Выращивая коров и детей, он и не подозревал, что ежевика уже вовсю разрастается под жарким солнцем, возвышаясь над тем, что впоследствии станет его новым участком в Шотпач-Крик. Она делала свою работу, покрывая зарослями участок, заполненный пнями и ржавеющими деталями погрузочных цепей, колес и рельсов. Морошка вплетала свои шипы в мотки колючей проволоки, а мох обустроил ложе в лощине.
Одновременно с тем, что дома, на ферме, его брак трещал по швам и катился под откос, примерно то же происходило и с почвой в Шотпач-Крик. Заросли ольхи безрезультатно пытались удержать почву на месте, а за ней и клены. Хотя родным для этой земли был язык хвойных деревьев, теперь ей приходилось говорить исключительно на сленге длинноногих лиственных пород. Ее мечта о том, чтобы стать почвой для кедра и ели, осталась несбывшейся, затерявшись в безжалостном хаосе кустарника. Прямые и медленные обычно проигрывают быстрым и тернистым. Когда он уезжал с фермы, где собирался жить, «пока смерть не разлучит нас», провожавшая его женщина пожелала ему на прощание, чтобы «следующая мечта оказалась лучше предыдущей».
В своем журнале он написал, что «совершил ошибку, посетив ферму после того, как она была продана. Новые владельцы все вырубили. Я сидел среди пней, в облаках красной пыли, и плакал. Перебравшись в Шотпач, я понял, что для создания нового дома требуется нечто большее, чем строительство хижины и посадка яблонь. Мне, как и земле, требовалось исцеление».
Вот так и получилось, что израненный человек переехал жить на израненную землю.
Этот участок земли располагался в самом сердце Орегонского побережья, в тех же горах, где его дед создал свою крепкую ферму. На старых семейных фотографиях можно увидеть грубо сколоченную хижину и мрачные лица в окружении пней.
Он писал: «Эти сорок акров должны были стать моим убежищем, моим укромным местечком посреди дикой природы.
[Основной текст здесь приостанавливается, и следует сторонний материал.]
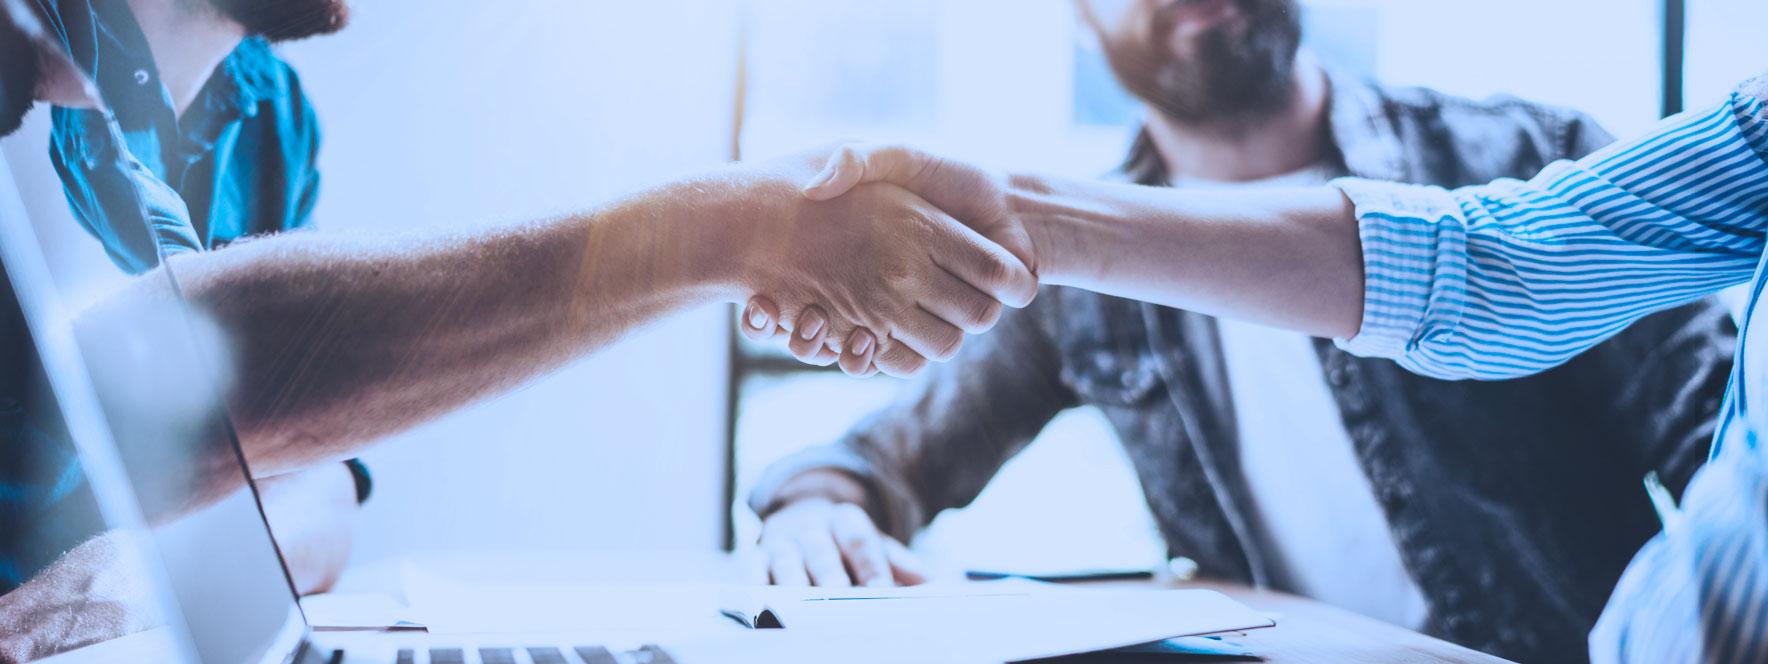 Établir des collaborations d'affaires | Le Réseau
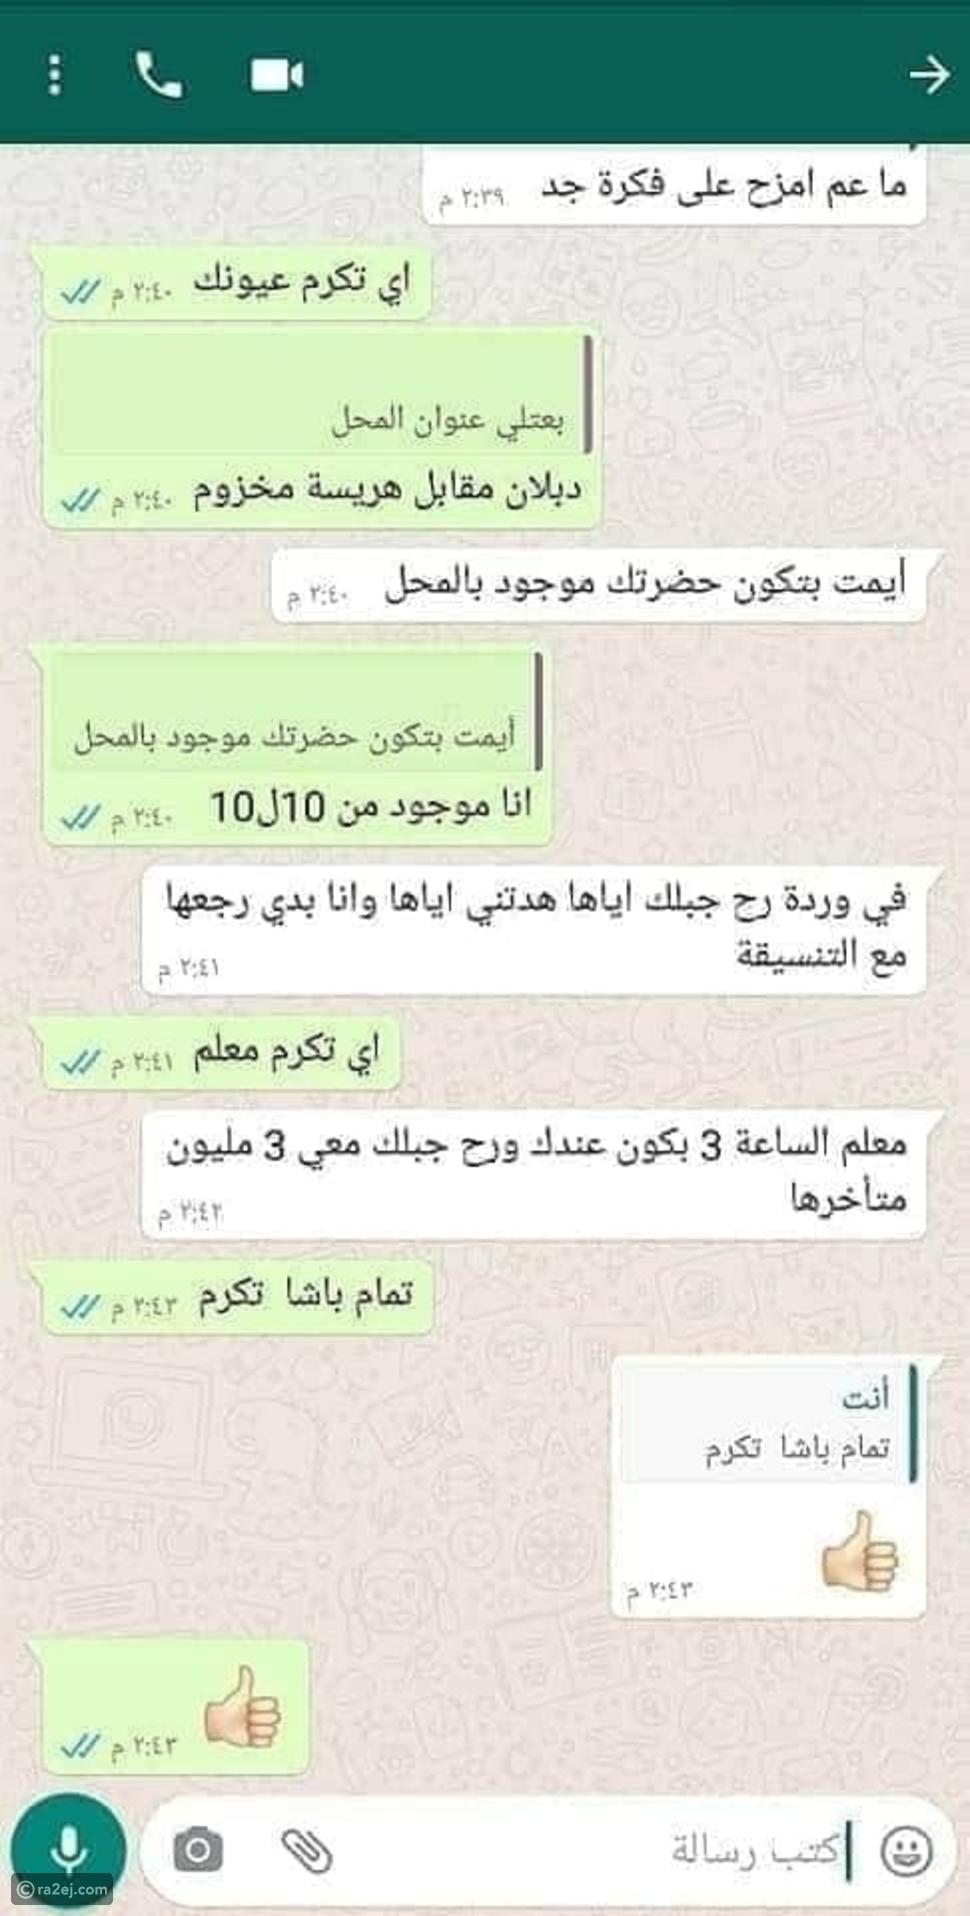 صور: شاب سوري يُطلق زوجته بأكثر طريقة رومانسية على الإطلاق

Но та местность была уже далеко не девственной пустошью». Место, которое он выбрал, располагалось рядом с так называемым Сгоревшим лесом, хотя название «Ободранный лес» было бы здесь более уместным. Земля здесь была искорежена серией массовых вырубок: сначала срубили величественные реликтовые деревья, а потом и молодняк. Как только вырастали новые ели, за ними тут же приходили лесорубы.
После тотальной вырубки все меняется. Солнце начинает нещадно палить, и в почве, развороченной лесозаготовительной техникой, повышается температура. С момента открытия минерального слоя, который был укрыт одеялом гумуса, часы экологического наследия были сочтены, и вовсю зазвучал сигнал тревоги.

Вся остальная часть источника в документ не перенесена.